By analyzing anonymized information about billions of telecommunications records, the researchers assembled a map depicting the strength of the connections between different parts of Great Britain, based on the amount of information they exchanged. They then developed an algorithm that partitioned the map into ever-smaller regions, with the requirement that the connections within regions be stronger than those between regions. They found that, to a large extent, their partitioning agreed with existing administrative, geographical and historical boundaries. But there were a few notable exceptions: Some parts of Wales, for instance, had much stronger connections to cities in western England than they did to the rest of Wales, suggesting that in some ways, the historical distinction between England and Wales may be obsolete.
“The problem of defining regions in space is an old and important one,” says Carlo Ratti, director of MIT’s Senseable City Lab and lead author on the new paper. “It allows us to understand the interplay between geographical and social institutions that we’re building, and it helps us better capture the way our cities or our countries work. It could also have a lot of practical consequences: If you can identify regions, you can build better governance.”
Ties that bind
In network science, partitioning algorithms are generally indifferent to geography. For many telecom applications, it would be perfectly acceptable to lump, say, New York City and Los Angeles together, because of the amount of data they exchange, and partition them from Oklahoma City. Since that kind of clustering obviously wouldn’t lead to practical administrative regions, the researchers — including a half-dozen members of the Senseable City Lab, Cornell mathematician Steven Strogatz, and Jon Reades of University College London — planned to modify their algorithm so that its partitions would be geographically contiguous. The researchers found, however, that this additional restriction was unnecessary: At every level of resolution, the highest volumes of data exchange were almost always between adjacent regions.

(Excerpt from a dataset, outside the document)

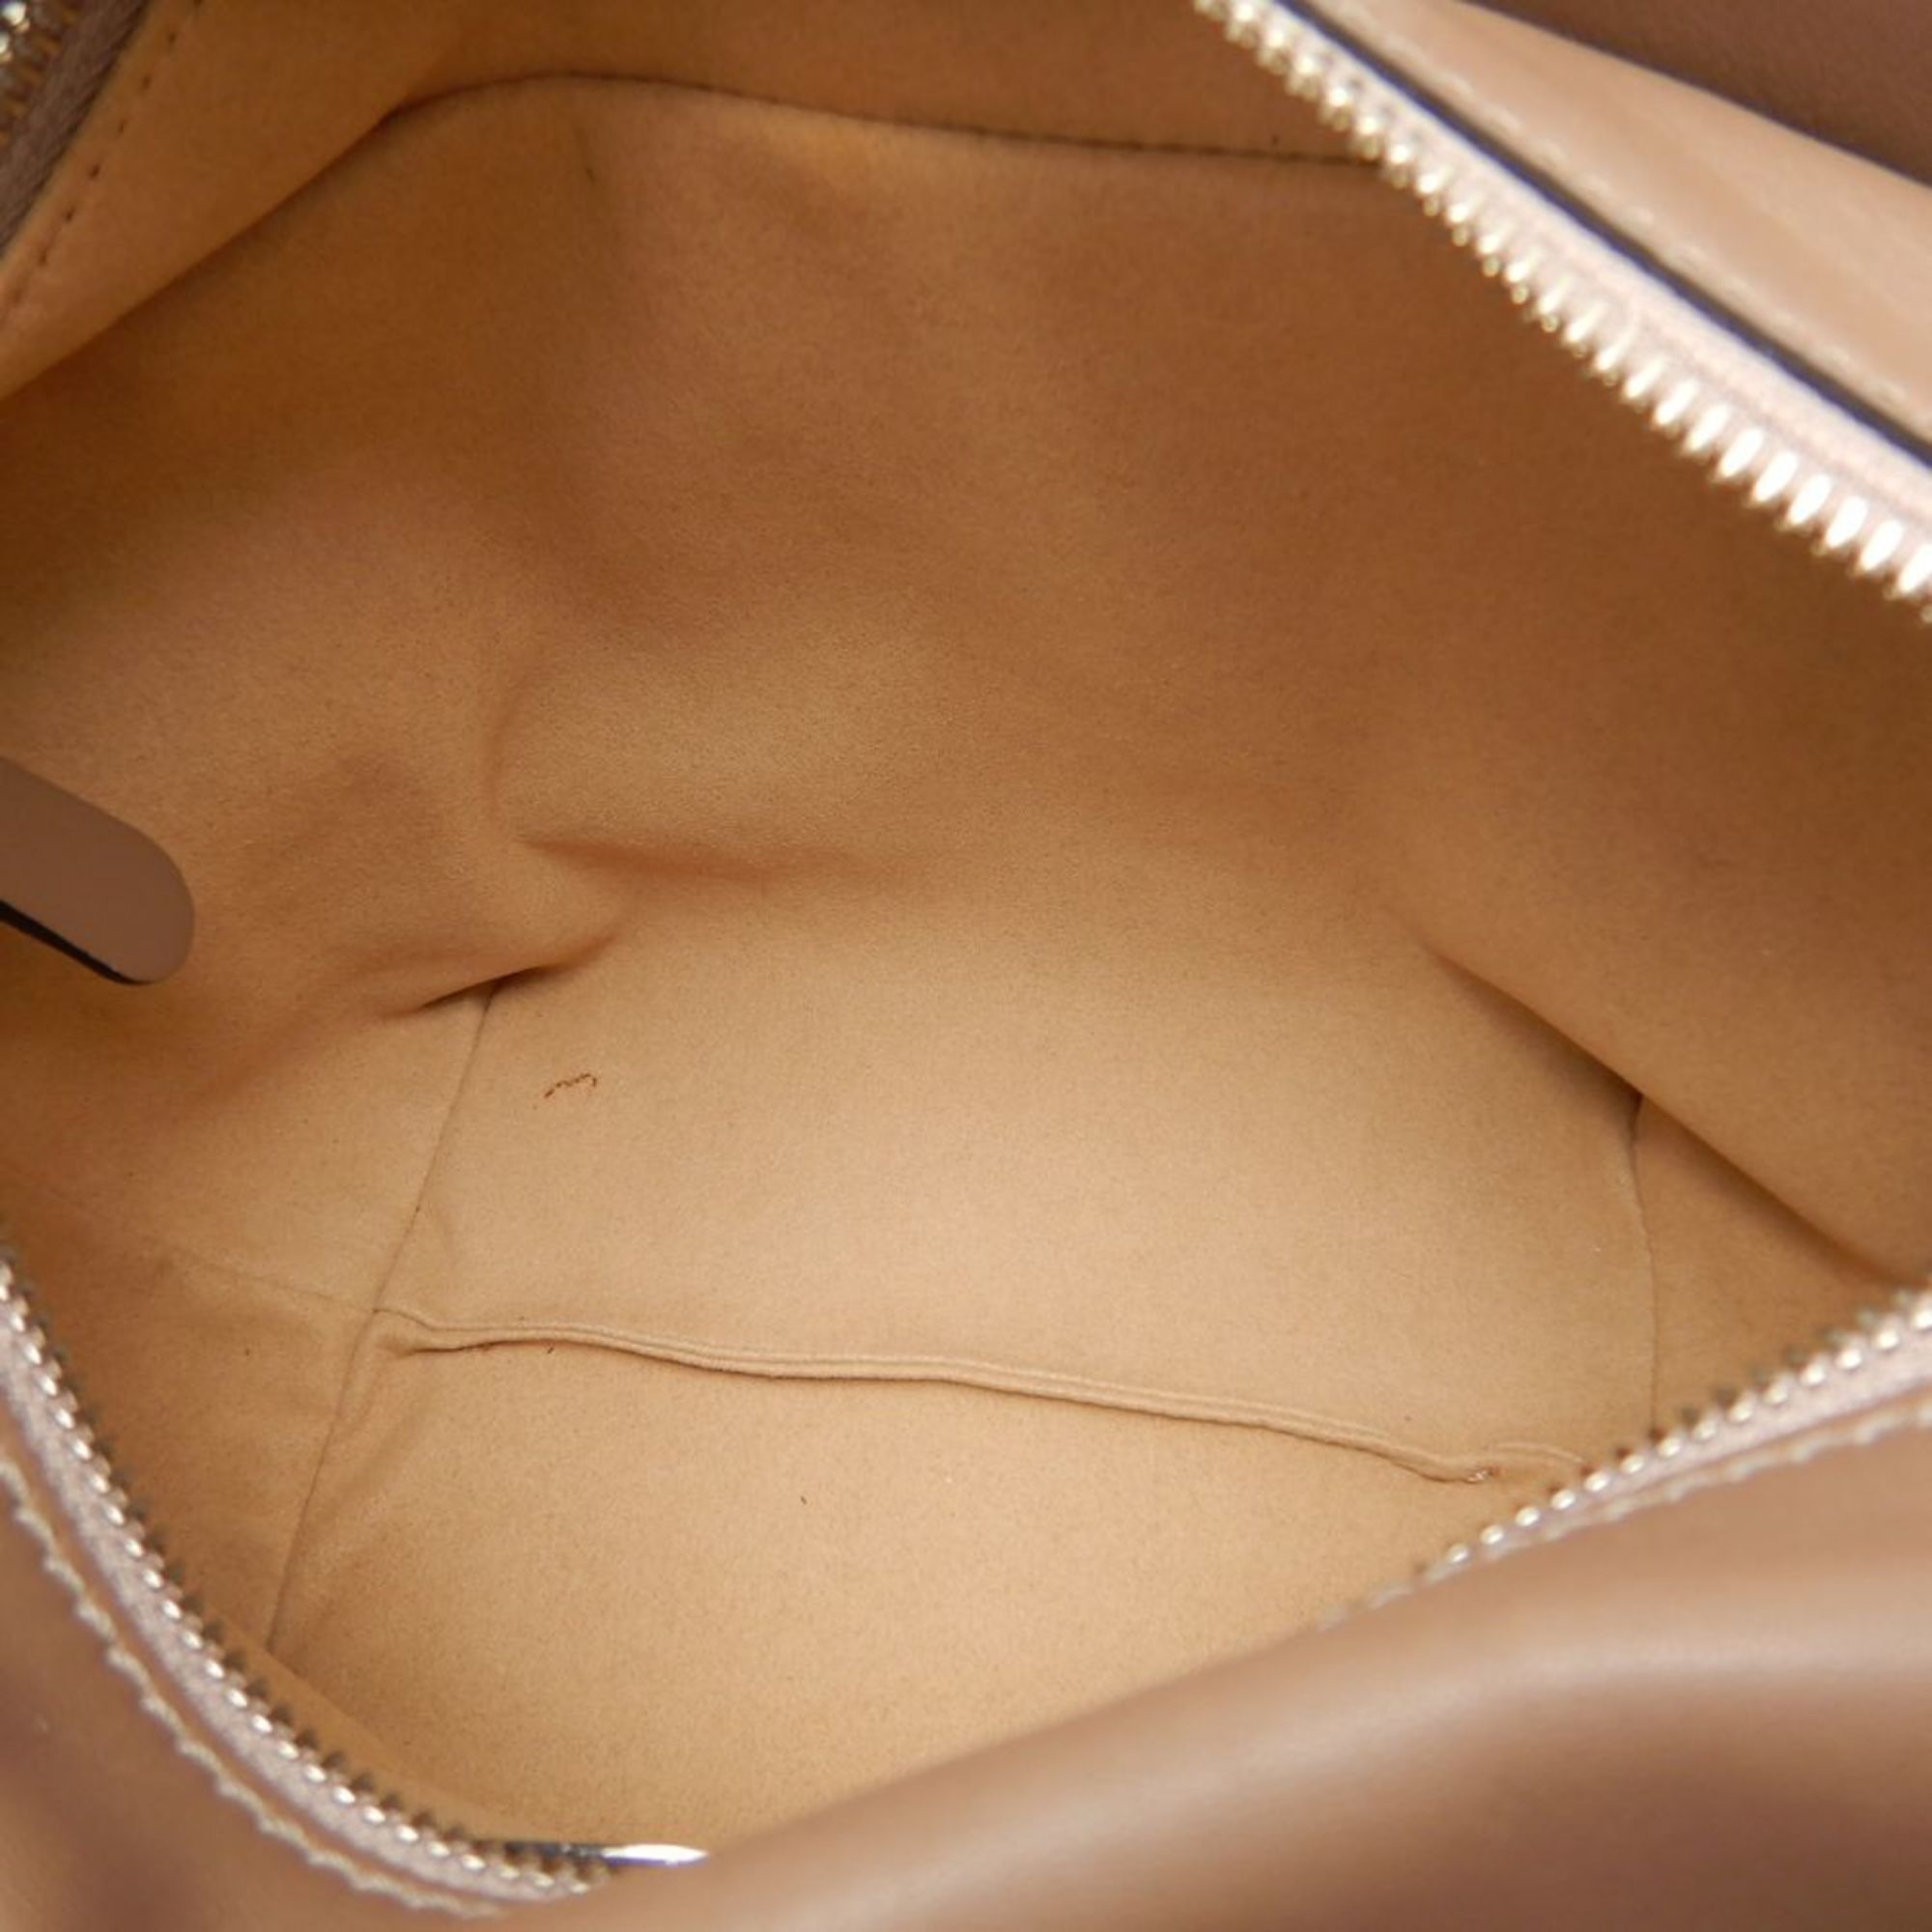 JIMMY CHOO Sarah handbag, star studs, leather, brown, 251742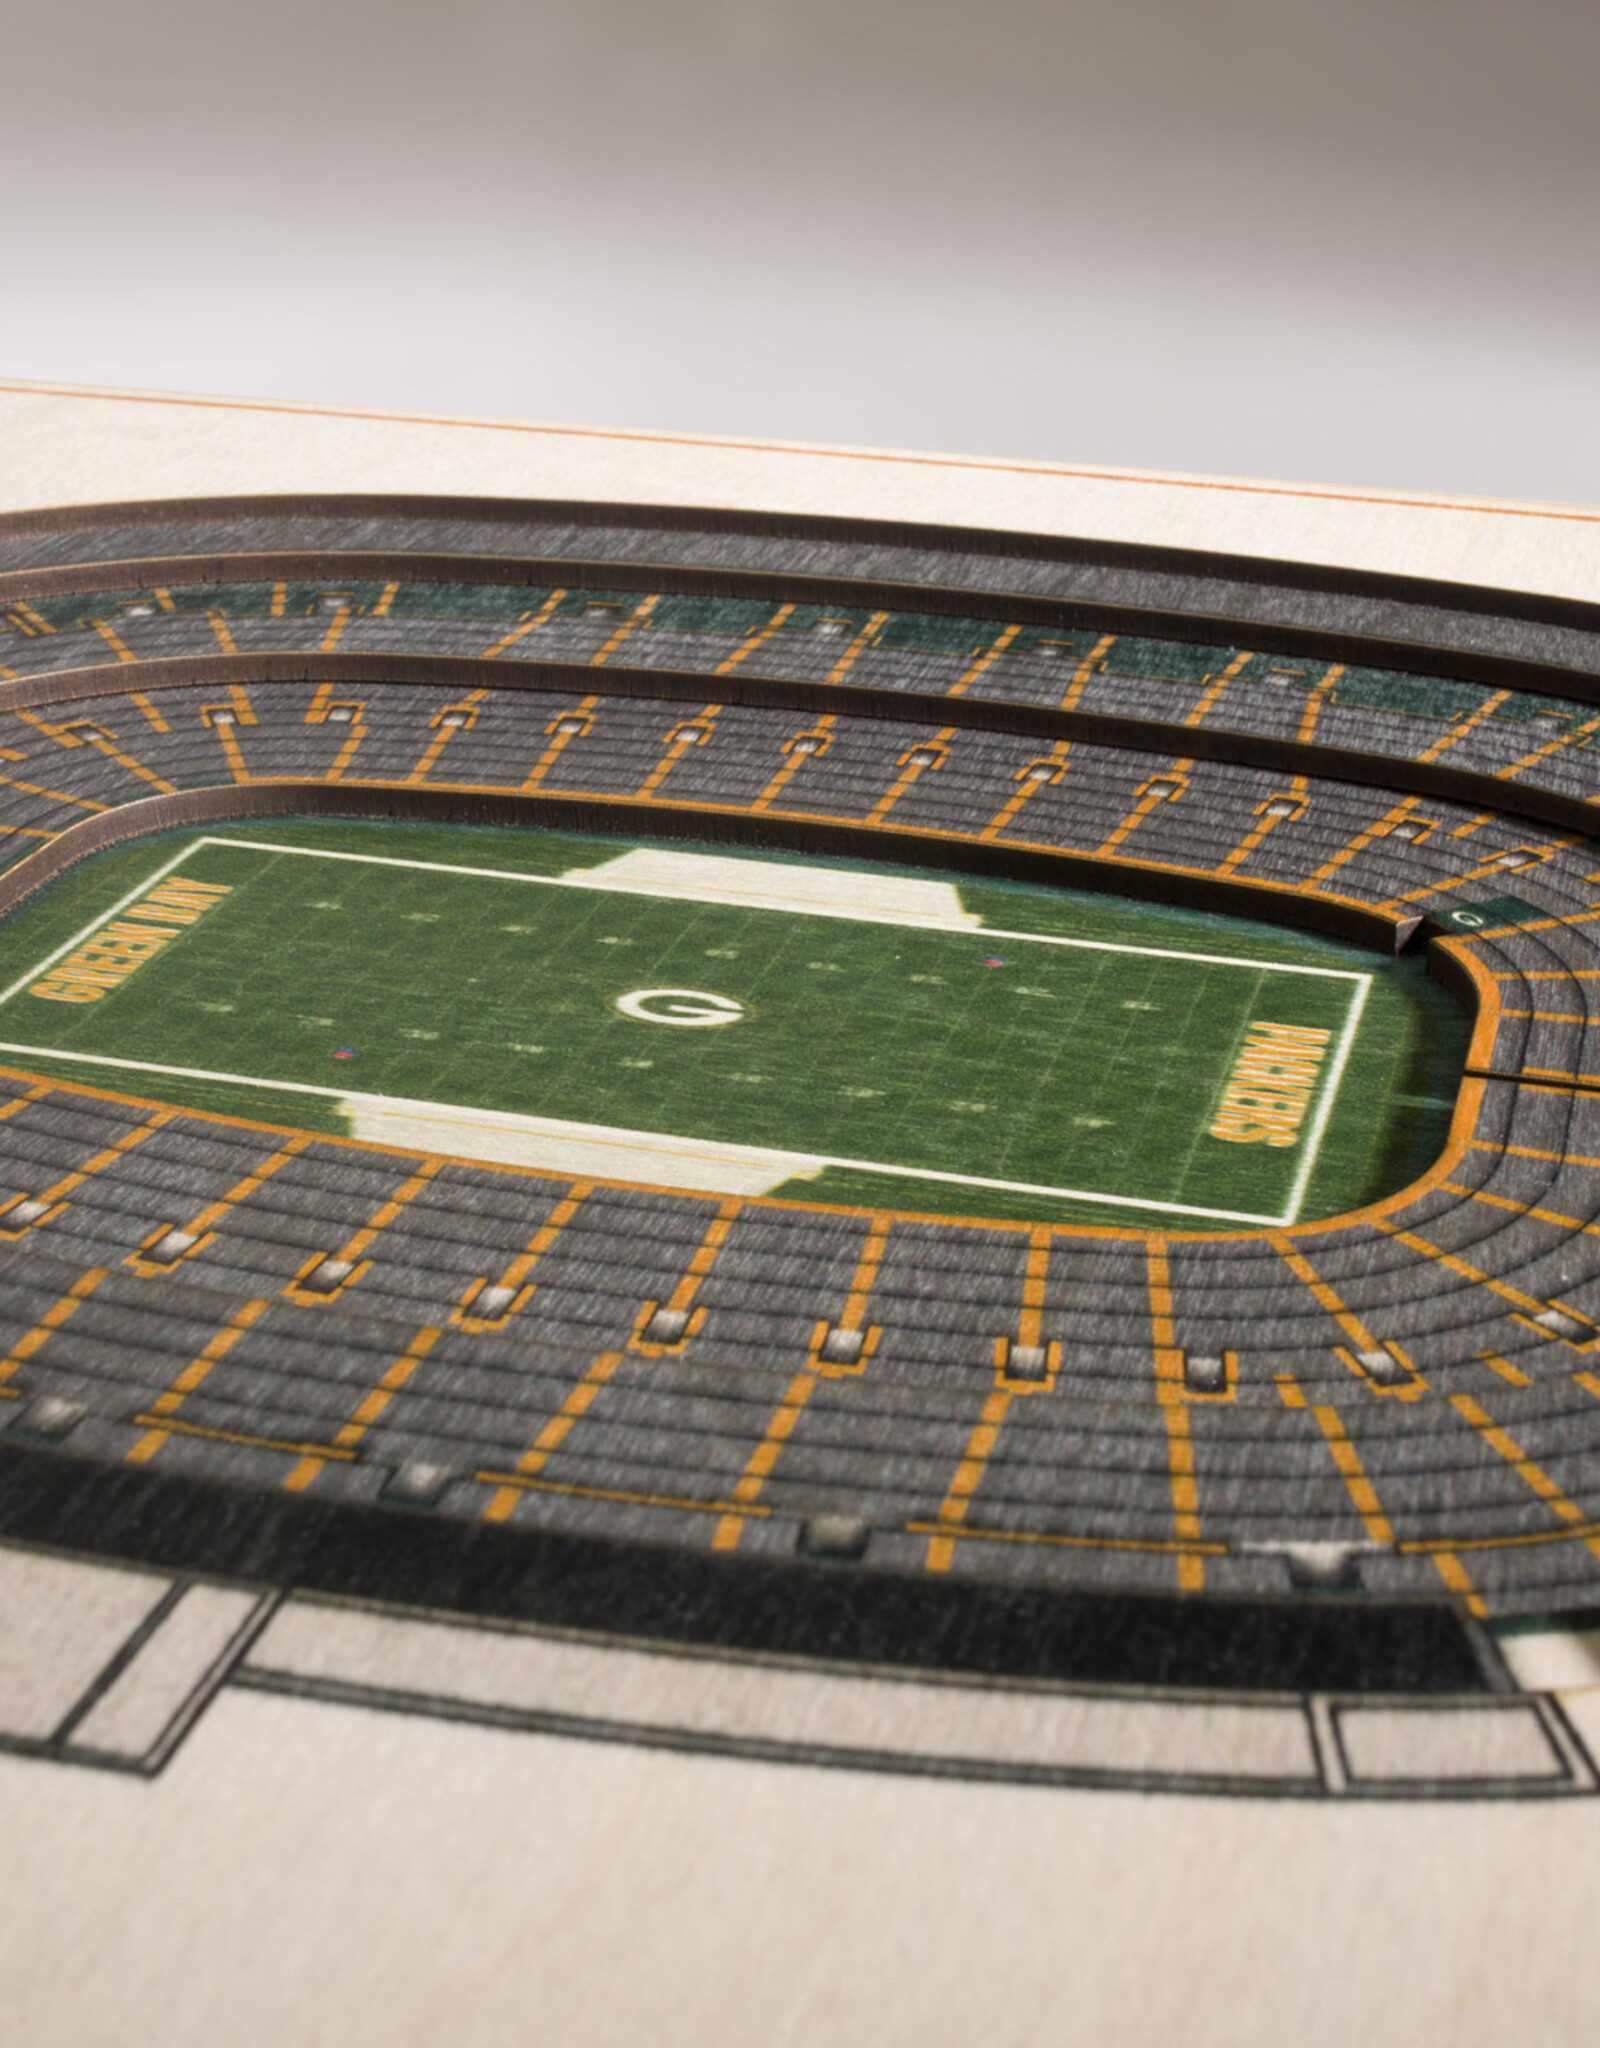 YOU THE FAN Green Bay Packers 5-Layer 3D StadiumView Wall Art

It’s not surprising that the result of the partitioning algorithm largely mirrored the existing political boundaries in Great Britain, Ratti says. After all, if communities have been lumped together culturally and politically for centuries, they have good reason to exchange information with each other. “The interesting thing is when they don’t correspond,” Ratti says. “Then you can go and look and find out why not.”
“They produced some interesting and actually quite plausible divisions, which are similar but a little different from those that people have agreed upon in the past,” says Michael Batty, Bartlett Professor of Planning at University College London, who wasn’t involved in the research. “They don’t impose the criterion for them to be physically adjacent, but the results they get do show that the groupings they get are physically adjacent. Which is extremely encouraging, really, because it gives a lot of strength to the argument that these are unique and very well-defined partitions.”
It’s unlikely, of course, that mid-Wales and the English midlands will be fused into a single administrative region, so the discovery that several Welsh cities seem to depend heavily on the exchange of information with nearby English cities, and vice versa, probably won’t have major political consequences. But, Ratti says, the value of the new work is that it shows that analyzing information flow could be a useful tool in the drawing of political boundaries. And, he says, it will only become more useful as data from other networks — the Internet, Internet telephone networks, instant-messaging networks — become available for analysis.
Moreover, he says, the researchers are now applying their algorithm to telephone data from countries in which the re-drawing of the political map is a very real possibility. In such cases, Ratti says, analysis of communication patterns could help define boundaries whose imposition would minimize the disruption to the lives of ordinary people.
The work was conducted with support from the National Science Foundation, the AT&T Foundation, the MIT SMART program, GE, Audi Volkswagen, SNCF, ENEL and the members of the MIT Senseable City Lab Consortium.